West Virginia was the first to feel the wrath, and the Pirates followed that on Tuesday night with their biggest victory under coach Kevin Willard, a stunningly one-sided 75-63 upset of No. 8 Connecticut that ended nearly 11 years of frustration against the Huskies.
"We liked our chances at home," said Pope, who had 15 points and eight rebounds. "After last week, ever since we got blown out by Syracuse, they punched us square in the mouth and we didn't like it. I watched what they did to us over and over for like 48 hours straight and it left a bad taste in my mouth. So I think we all decided that we had to be tough at home. We had to be the ones to terrorize the other teams when they play here, make them afraid to come here."
Seton Hall (13-2, 2-1 Big East) dominated Connecticut (12-2, 2-1) and in the process put themselves on the map.
"I'm sure we'll get some national attention, because this was a great win against a great program," Willard said.
After building a 13-point halftime lead, Theodore helped close out the game by scoring all 19 of his points in the second half. The Pirates did the rest on defense, holding Connecticut to a season-low 35.1 percent from the field.
Fuquan Edwin and Aaron Cosby had 12 apiece as the Pirates beat Connecticut for the first time since March 3, 2001 -- a span of 11 games. The win also snapped the Huskies' current seven-game overall winning streak.
Jeremy Lamb had 19 points as Connecticut played its final game without coach Jim Calhoun, who is serving a three-game NCAA suspension. Niels Giffey was the only other Huskie in double figures with 11.
Seton Hall also did an excellent job limiting point guard Shabazz Napier to 6 points on 2-of-12 shooting.
"We came out real well and they came back and punched us in the mouth a little bit and we failed to punch back the rest of the game," Connecticut forward Tyler Olander said.
Theodore said the Pirates felt Lamb was going to get his points, so they concentrated on guarding Napier.
"We just fought hard all night and controlled the game all night," said Theodore, who also had 11 assists. "The coaches did a great job of getting us prepared. We knew Lamb was going to get his, because he's a top five NBA pick in the draft. We weren't going to stop him. But as long as we worked on stopping everyone else, we had a good shot. I knew I had to change the game a little in the second half."
Associate head coach George Blaney ran the team in Calhoun's absence and he picked up a crucial technical foul early in the second half for arguing with the officials on a non-call on a shot with his team down 10.
Theodore made both free throws and that seemed to get him untracked after missing his first seven shots in the game.
With the Pirates leading 45-36 with just over 12 minutes to play, Theodore hit three 3-pointers and Cosby added another in a 12-6 spurt that pushed the lead to 57-42 and put the game away.

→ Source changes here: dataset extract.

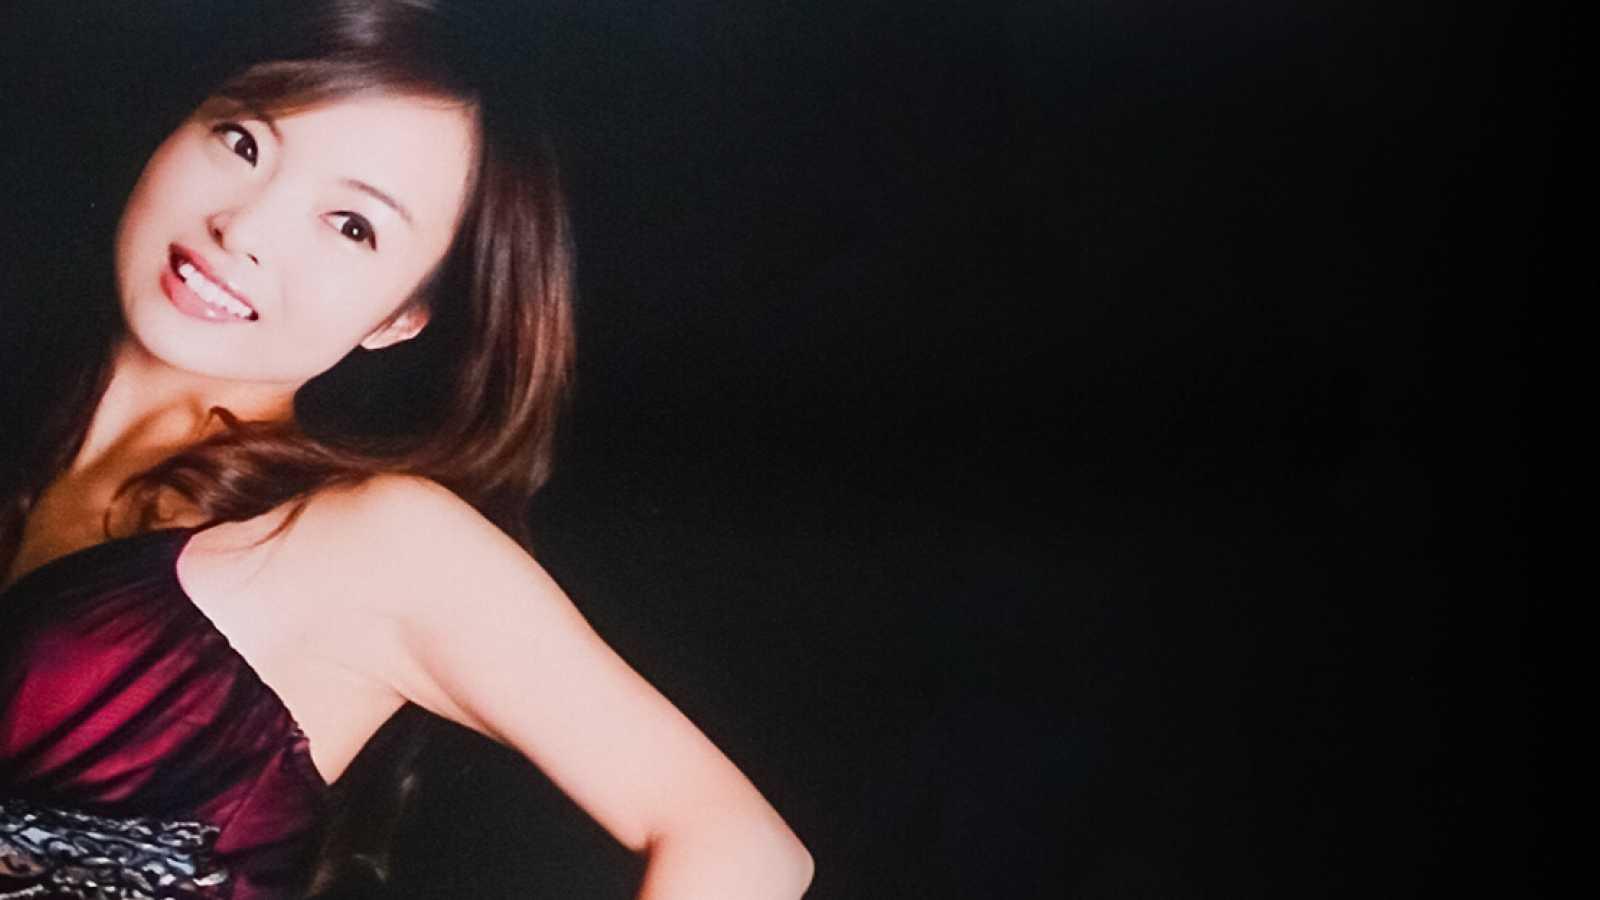 Novo single de Chisato © Chisato all rights reserved.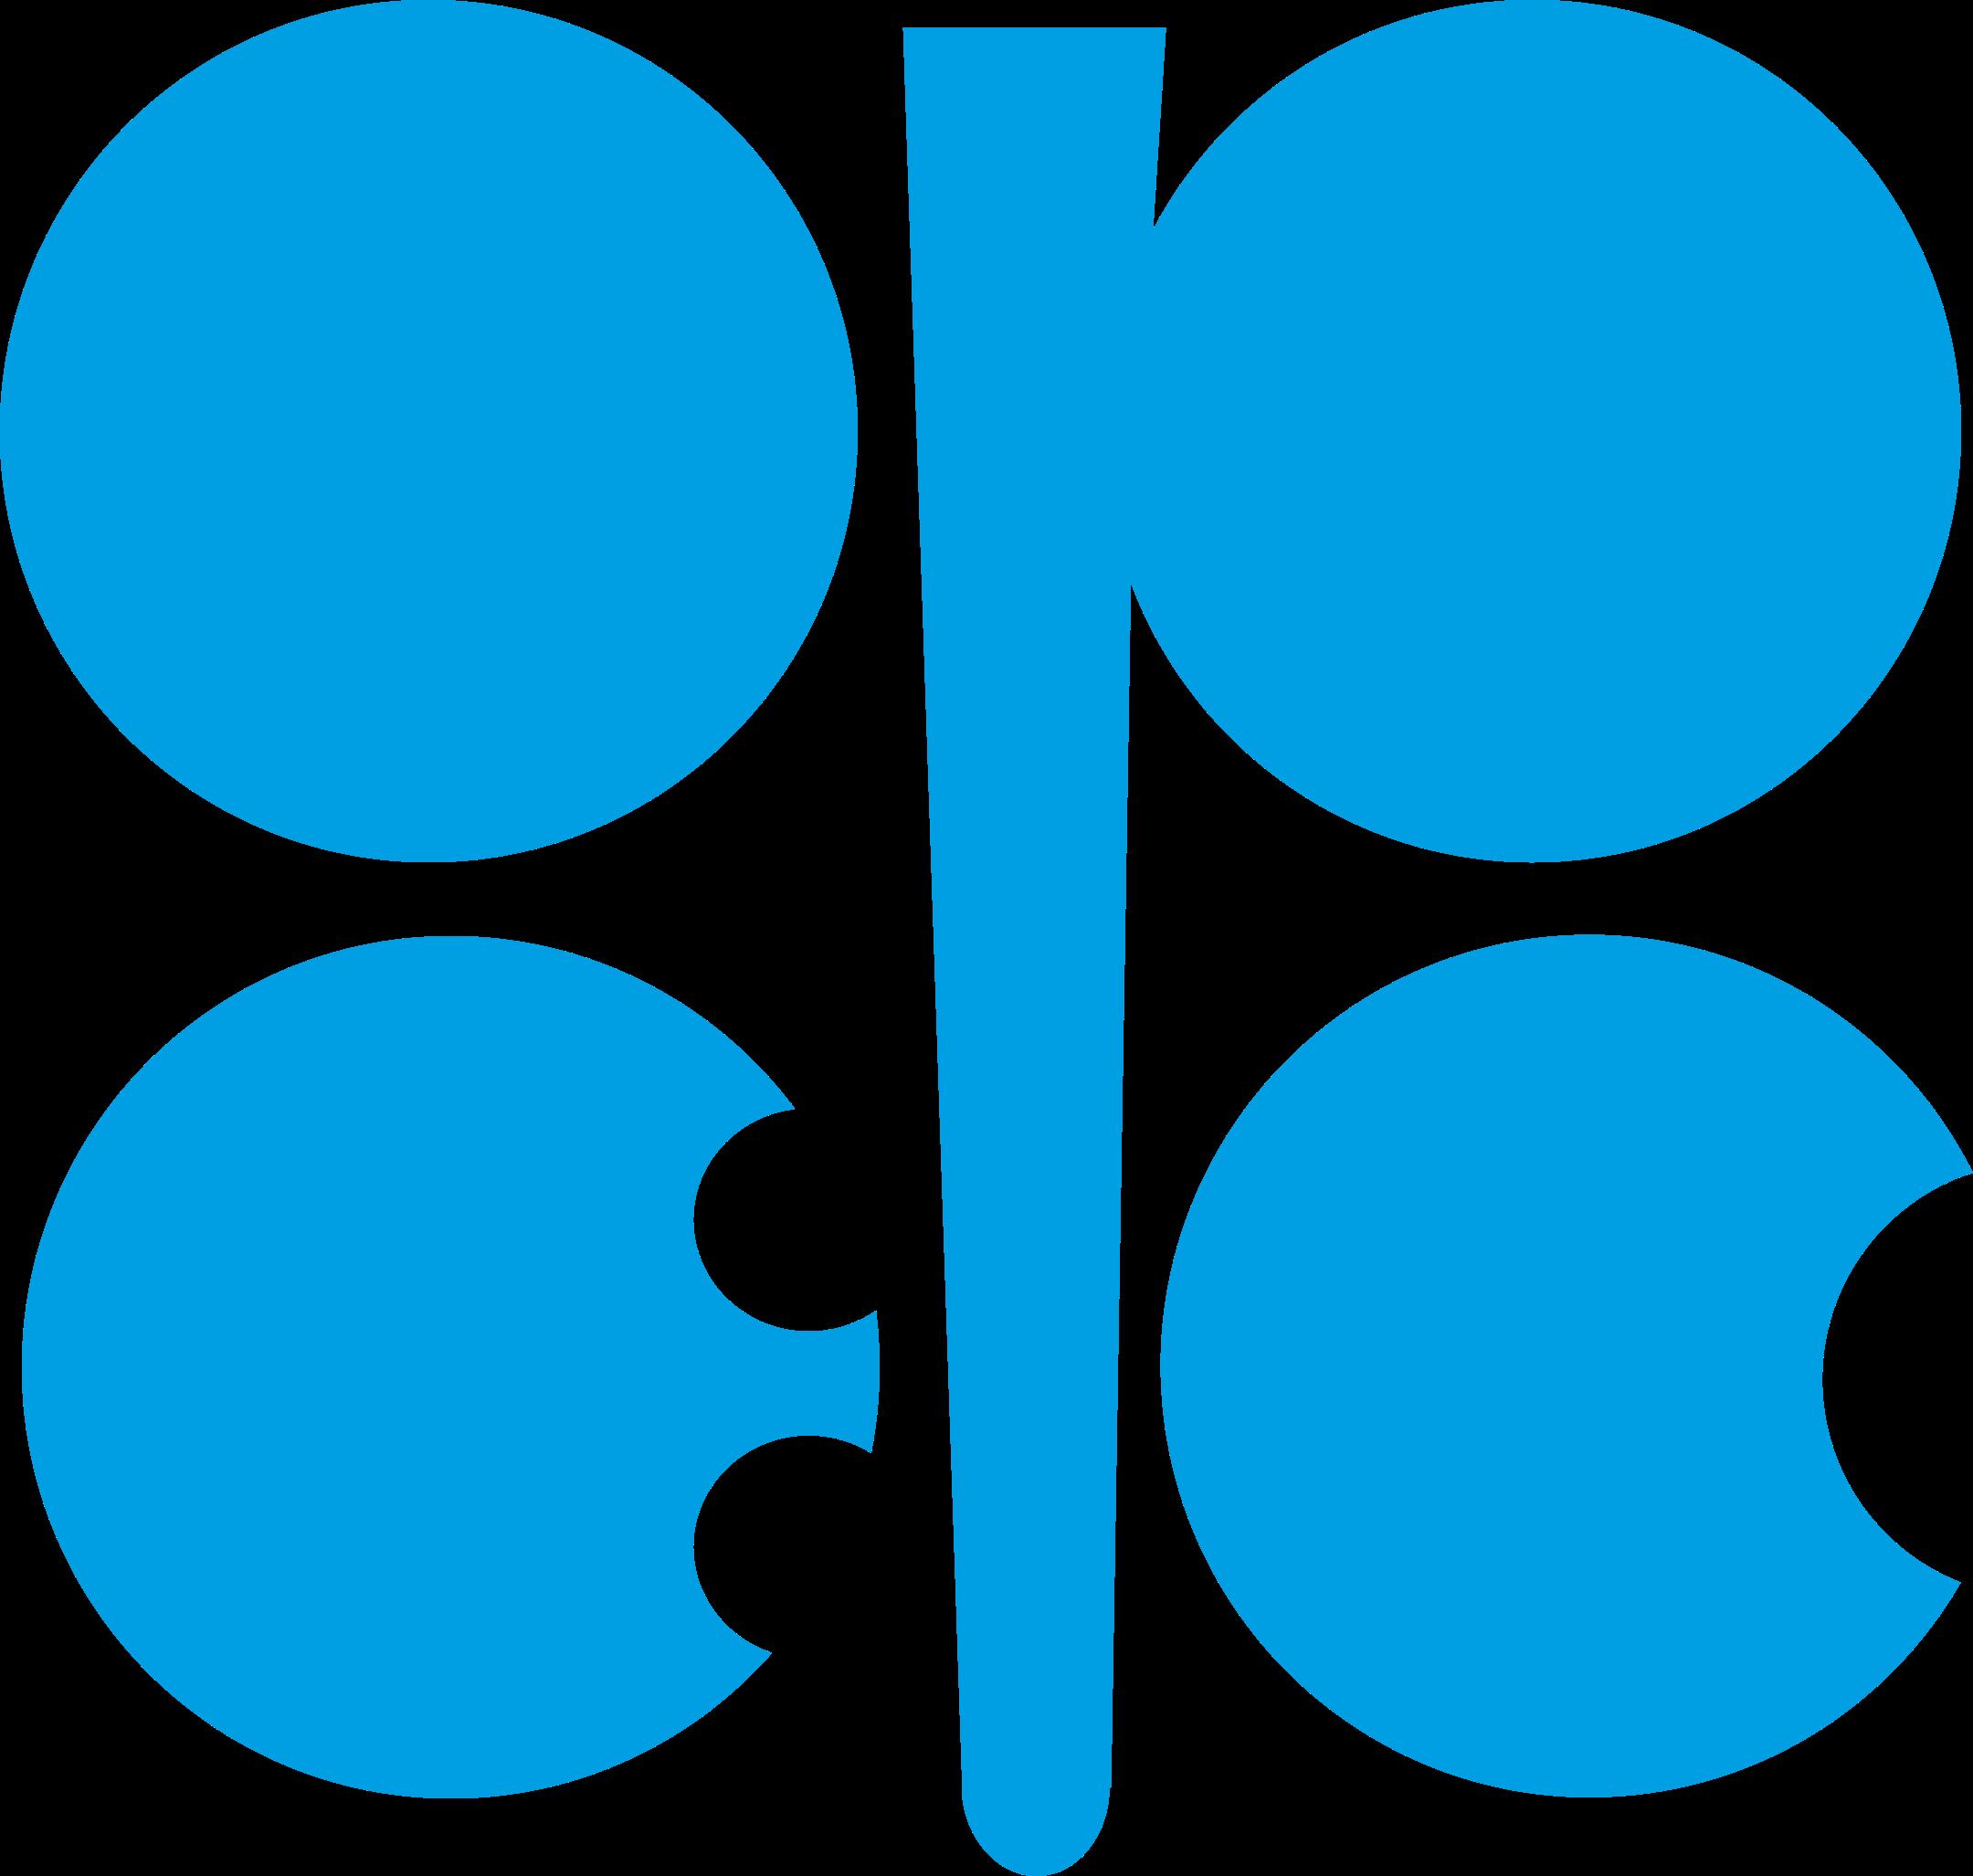 opec logo 1 - OPEC Logo

"Once I got it going, I just couldn't stop," Theodore said. "I felt it, felt the shot. It was great to get this win, because I never beat them before. I always wanted to be able to beat UConn."
By the final minutes, Willard cleared his bench and the fans at the Prudential Center were chanting "Overrated" at the young Huskies, who will probably be met by an unhappy Calhoun on Wednesday. He will coach his first game back on Saturday at Rutgers.
This game, however, was all Seton Hall after a slow start. That was remarkable, considering the Pirates had lost 25 of the last 27 games against Connecticut.
Seton Hall never trailed after closing the first half with a 16-3 spurt that Cosby ignited with a 3-pointer and Pope finished by putting back his own shot at the buzzer.
Things didn't look good for the Pirates early. Lamb hit a 3-pointer to cap a game-opening 11-2 spurt and Willard was forced to call an early timeout.
The next 16 or so minutes belonged to the Pirates. They outscored Connecticut 33-11 and took a 35-22 halftime lead. Edwin scored eight points in the run, Pope had seven and reserve Brandon Mobley added eight points and seven rebounds.
Connecticut did little right during a game in which the officials let the teams go at it, especially underneath. The Huskies made 4 of 19 shots after their initial run, turned the ball over 13 times in the half and had trouble getting the ball inside to Drummond.